A town away and a day later, about 50 members of Wallingford's Lyman Hall High School class of 1969 gathered at Villa Capri in Wallingford, and although those that showed up out of the original class of around 500 had a good time, such a low turnout disappointed event organizer Liz Douglas, who said she and her committee would not be organizing a 45-year reunion.
Four hundred invitations were sent out to every address the committee had, and Douglas was surprised the murder mystery and dinner the committee planned drew so few.
"We had good turnouts up to the 20th reunion," she said. "Then it started to decline. The 25th we had maybe 175 people, which is still good. The 30th we had 160. The reunion five years ago we had 100 people there.

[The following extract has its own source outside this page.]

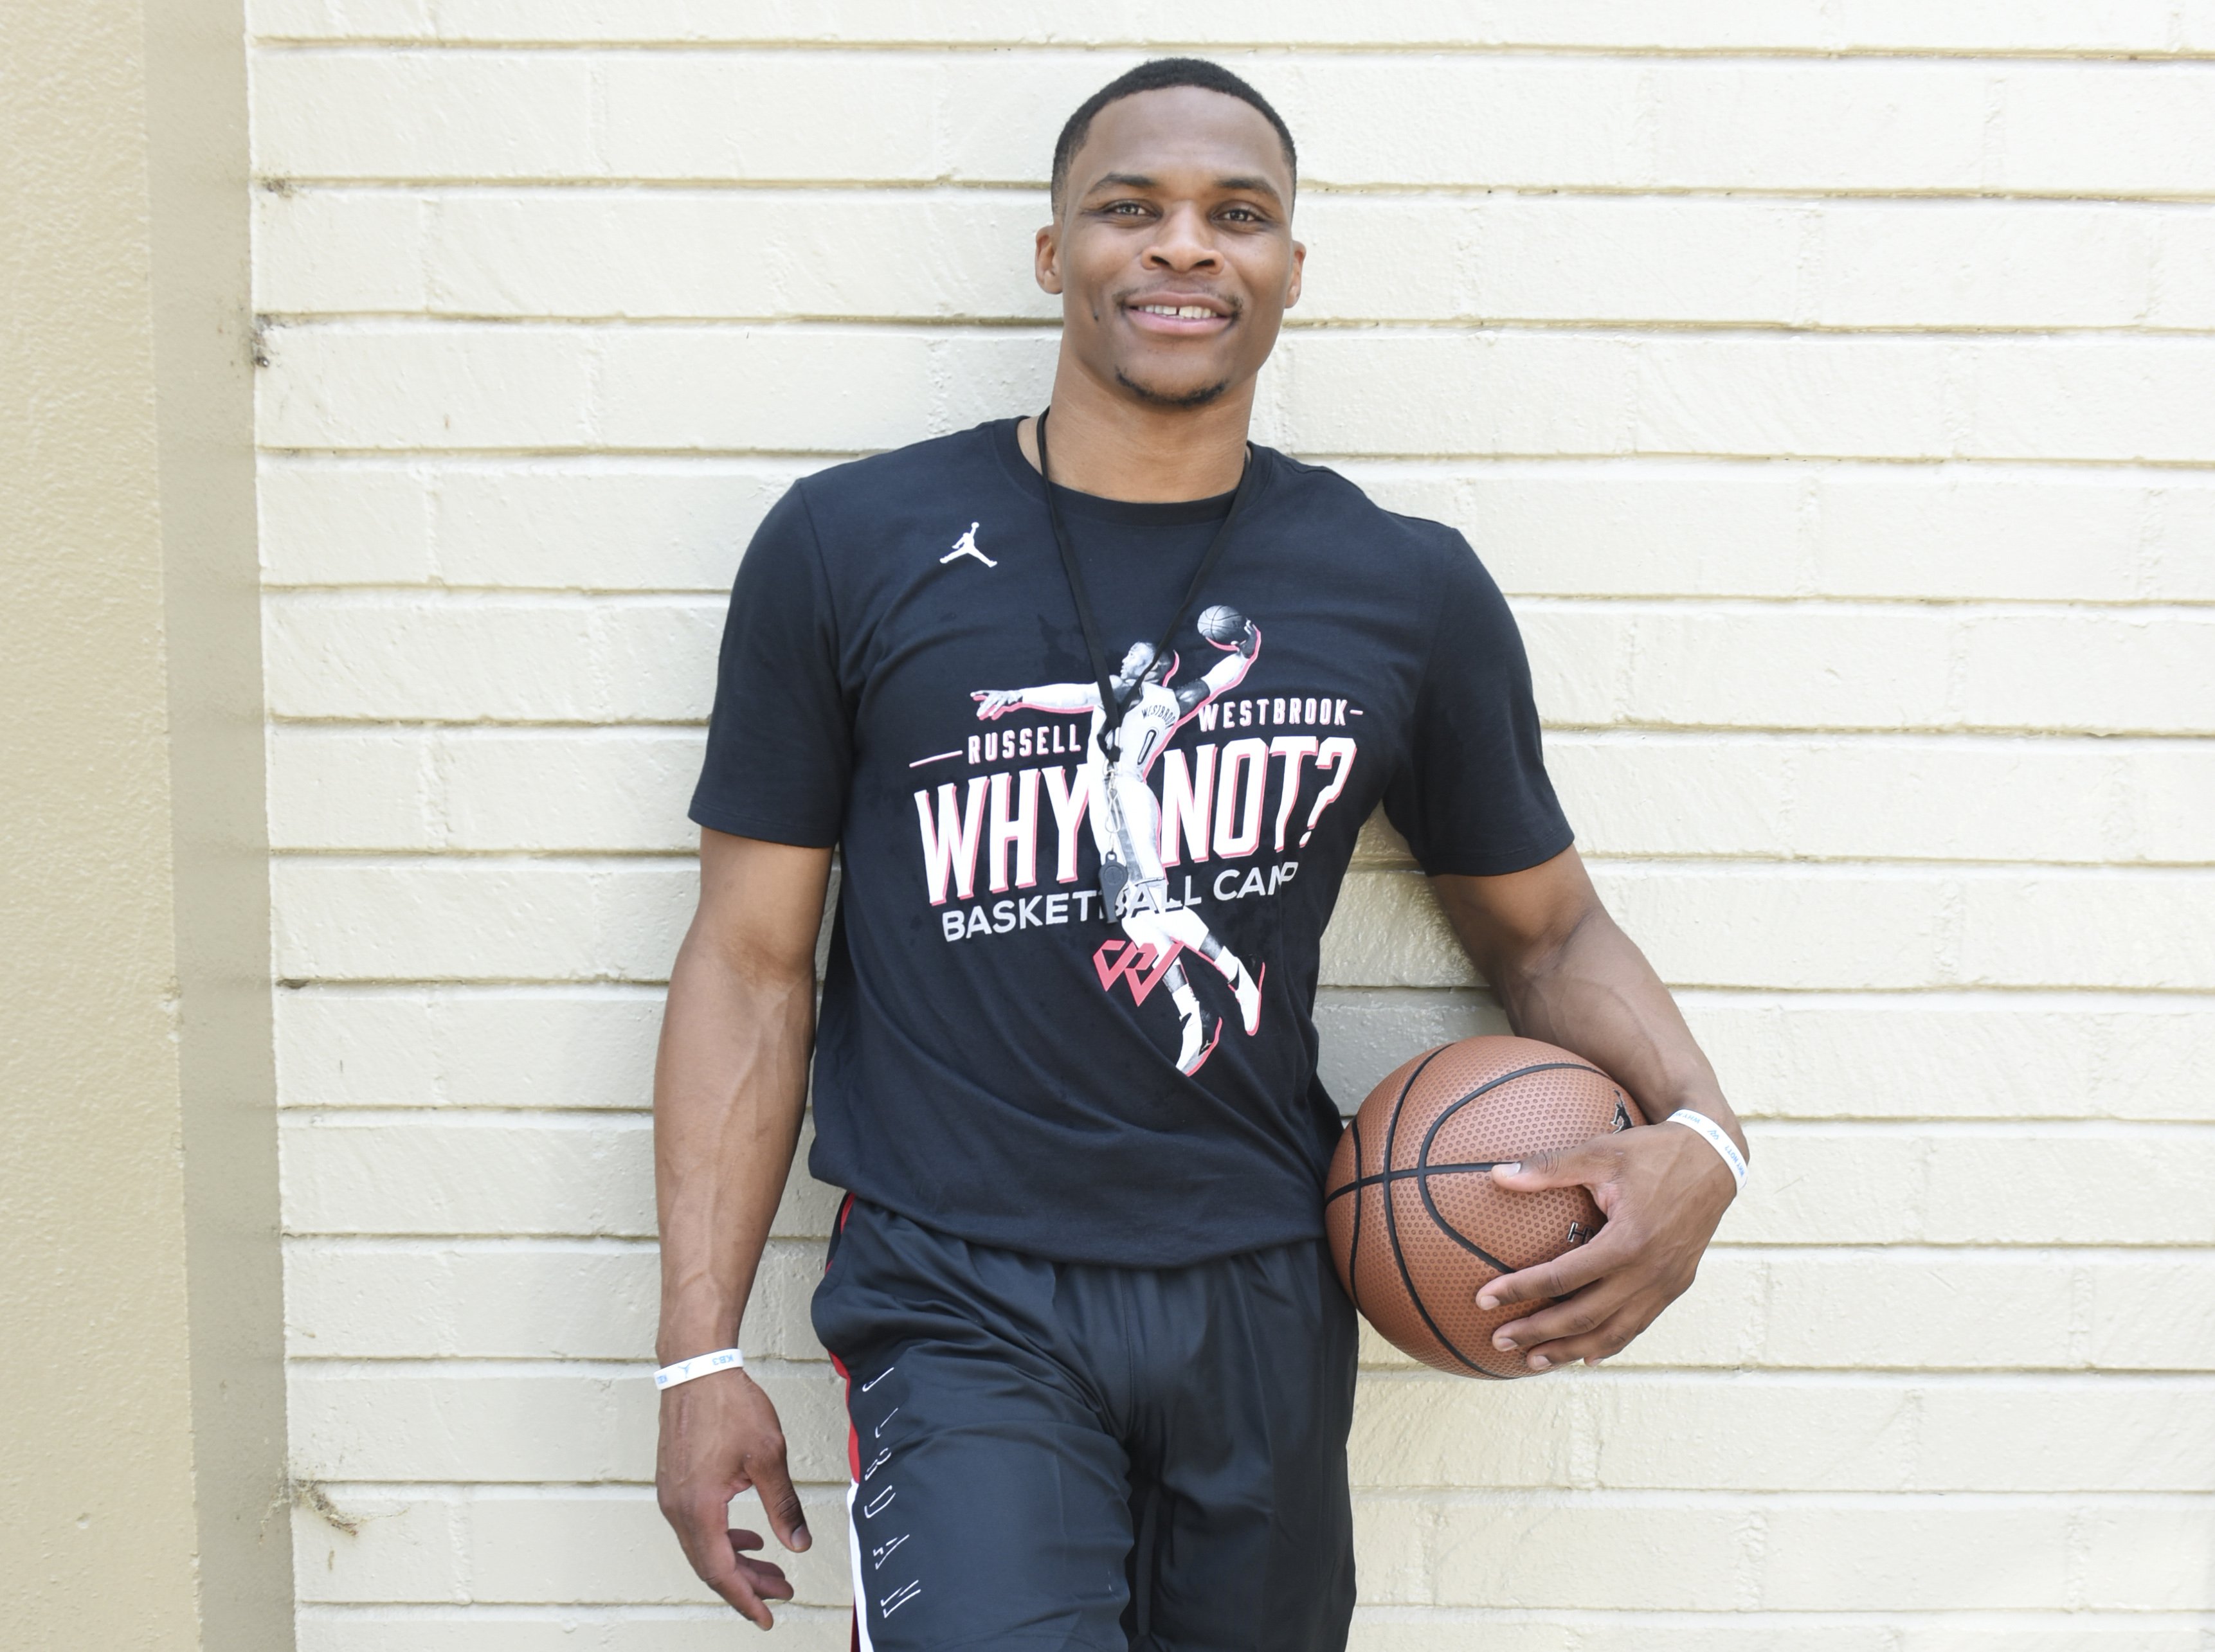 Russell Westbrook attends the 6th Annual Russell Westbrook Why Not? Basketball Camp on August 2, 2018, in Los Angeles, California. | Source: Getty Images.

The problems Douglas and her committee are having are not unique, said Rachel Ronis, professor emeritus of sociology at Quinnipiac University in Hamden.
A fairly stark divide can be drawn between the baby boomer generation and that of their parents, she said, with the boomers, and all subsequent generations, seemingly less concerned about being a member of a group and staying in touch.
"People are less loyal to groups than they once were," she said. "They don't build a history together. People pay more attention to their immediate families than they once did. Men are more engaged, and I think that's taken up a lot of the energy ..."
It's not just about reunions, she said. People who work together are also less likely to know something about their associates' families and are not getting together as much for dinners at each others' houses and other social gatherings.
She does not see this as something that might shift back toward a more group-oriented society, she said, and expected things to stay the same in the future.
The Lewis High School class of 1941 from Southington, which plans to meet for a reunion Oct. 28 at the Manor Inn in Southington, is expecting about 20 of the 50 surviving members to show up, said class member Walter Hushak, with many of those not coming unable to travel due to physical impairment.
They once had dancing and music at evening engagements, he said, but as the members, who are now 85 and 86, have gotten older, that's been scaled back to afternoon lunch reunions.
But the members are always eager to meet, he said, and the group actually increased the frequency of its meetings from every five years to every two or three because, "five years is too long a period to wait," Hushak said.
Berardino was not sure how many of her classmates remain, but she said that the few who live locally are now meeting yearly, with larger gatherings every five years.
She'll still plan the get-togethers as long as they are feasible.
"Don't forget now, each and every one of you," she told the members of the class Friday, "same place, same time next year ... I hope we all make it."